**What is being asked**
Once you reach the line containing "Dimensions: D 4.5 x W 5 x H 96 cm" in the data below, restate each line word for word up to and including the one containing "Coloring page with".

Provided data Block Start

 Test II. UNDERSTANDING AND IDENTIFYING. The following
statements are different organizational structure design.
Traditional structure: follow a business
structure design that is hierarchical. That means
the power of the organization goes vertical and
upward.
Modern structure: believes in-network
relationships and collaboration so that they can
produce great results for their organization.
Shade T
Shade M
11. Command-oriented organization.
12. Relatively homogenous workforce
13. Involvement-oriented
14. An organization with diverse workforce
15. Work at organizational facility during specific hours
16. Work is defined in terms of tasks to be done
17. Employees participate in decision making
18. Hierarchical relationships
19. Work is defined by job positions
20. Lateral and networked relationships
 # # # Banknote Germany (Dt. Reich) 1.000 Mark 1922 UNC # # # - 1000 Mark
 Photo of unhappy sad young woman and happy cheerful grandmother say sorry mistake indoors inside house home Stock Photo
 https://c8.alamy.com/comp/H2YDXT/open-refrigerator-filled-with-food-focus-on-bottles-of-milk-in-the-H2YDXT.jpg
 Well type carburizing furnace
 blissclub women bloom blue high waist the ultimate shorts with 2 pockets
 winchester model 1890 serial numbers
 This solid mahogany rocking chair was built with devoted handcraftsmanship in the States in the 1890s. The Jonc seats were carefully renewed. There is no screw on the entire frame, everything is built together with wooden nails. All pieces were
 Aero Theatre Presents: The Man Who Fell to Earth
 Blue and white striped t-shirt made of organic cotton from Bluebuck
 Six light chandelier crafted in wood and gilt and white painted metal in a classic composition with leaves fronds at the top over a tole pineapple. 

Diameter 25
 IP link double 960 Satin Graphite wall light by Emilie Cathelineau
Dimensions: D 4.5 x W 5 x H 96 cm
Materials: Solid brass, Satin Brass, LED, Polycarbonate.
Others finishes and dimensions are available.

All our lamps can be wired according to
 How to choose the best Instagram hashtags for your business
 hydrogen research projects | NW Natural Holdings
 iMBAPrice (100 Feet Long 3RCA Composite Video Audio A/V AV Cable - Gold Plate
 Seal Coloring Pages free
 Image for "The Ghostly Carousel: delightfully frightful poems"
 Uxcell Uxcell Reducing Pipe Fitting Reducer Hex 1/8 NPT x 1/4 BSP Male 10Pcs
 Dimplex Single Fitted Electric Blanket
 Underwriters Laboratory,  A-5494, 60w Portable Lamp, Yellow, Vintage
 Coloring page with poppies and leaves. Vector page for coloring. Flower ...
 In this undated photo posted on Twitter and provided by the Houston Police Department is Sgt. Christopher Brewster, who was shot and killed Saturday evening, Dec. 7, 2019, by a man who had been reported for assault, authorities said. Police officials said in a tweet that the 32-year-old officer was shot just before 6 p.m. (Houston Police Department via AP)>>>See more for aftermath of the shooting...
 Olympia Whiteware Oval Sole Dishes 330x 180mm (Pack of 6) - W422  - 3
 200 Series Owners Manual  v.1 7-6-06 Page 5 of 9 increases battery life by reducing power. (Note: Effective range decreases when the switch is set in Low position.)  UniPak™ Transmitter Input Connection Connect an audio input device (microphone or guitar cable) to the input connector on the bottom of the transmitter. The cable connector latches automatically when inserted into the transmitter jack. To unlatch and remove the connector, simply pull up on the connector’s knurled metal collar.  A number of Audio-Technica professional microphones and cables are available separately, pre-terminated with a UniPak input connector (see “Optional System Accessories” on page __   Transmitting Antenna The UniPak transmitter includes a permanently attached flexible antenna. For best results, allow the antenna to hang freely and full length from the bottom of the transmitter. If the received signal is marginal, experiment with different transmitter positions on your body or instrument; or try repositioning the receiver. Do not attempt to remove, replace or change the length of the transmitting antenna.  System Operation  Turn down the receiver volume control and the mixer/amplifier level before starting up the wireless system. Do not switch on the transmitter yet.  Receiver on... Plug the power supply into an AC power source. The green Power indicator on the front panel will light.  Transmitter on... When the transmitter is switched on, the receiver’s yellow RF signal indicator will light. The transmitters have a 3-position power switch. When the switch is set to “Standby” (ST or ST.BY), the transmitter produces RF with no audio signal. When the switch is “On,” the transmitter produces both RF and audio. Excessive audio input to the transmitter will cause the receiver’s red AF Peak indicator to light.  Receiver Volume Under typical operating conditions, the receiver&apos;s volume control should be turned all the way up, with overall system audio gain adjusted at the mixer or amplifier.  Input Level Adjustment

Provided data Block End

**Answer for this exercise**
Dimensions: D 4.5 x W 5 x H 96 cm
Materials: Solid brass, Satin Brass, LED, Polycarbonate.
Others finishes and dimensions are available.

All our lamps can be wired according to
 How to choose the best Instagram hashtags for your business
 hydrogen research projects | NW Natural Holdings
 iMBAPrice (100 Feet Long 3RCA Composite Video Audio A/V AV Cable - Gold Plate
 Seal Coloring Pages free
 Image for "The Ghostly Carousel: delightfully frightful poems"
 Uxcell Uxcell Reducing Pipe Fitting Reducer Hex 1/8 NPT x 1/4 BSP Male 10Pcs
 Dimplex Single Fitted Electric Blanket
 Underwriters Laboratory,  A-5494, 60w Portable Lamp, Yellow, Vintage
 Coloring page with poppies and leaves. Vector page for coloring. Flower ...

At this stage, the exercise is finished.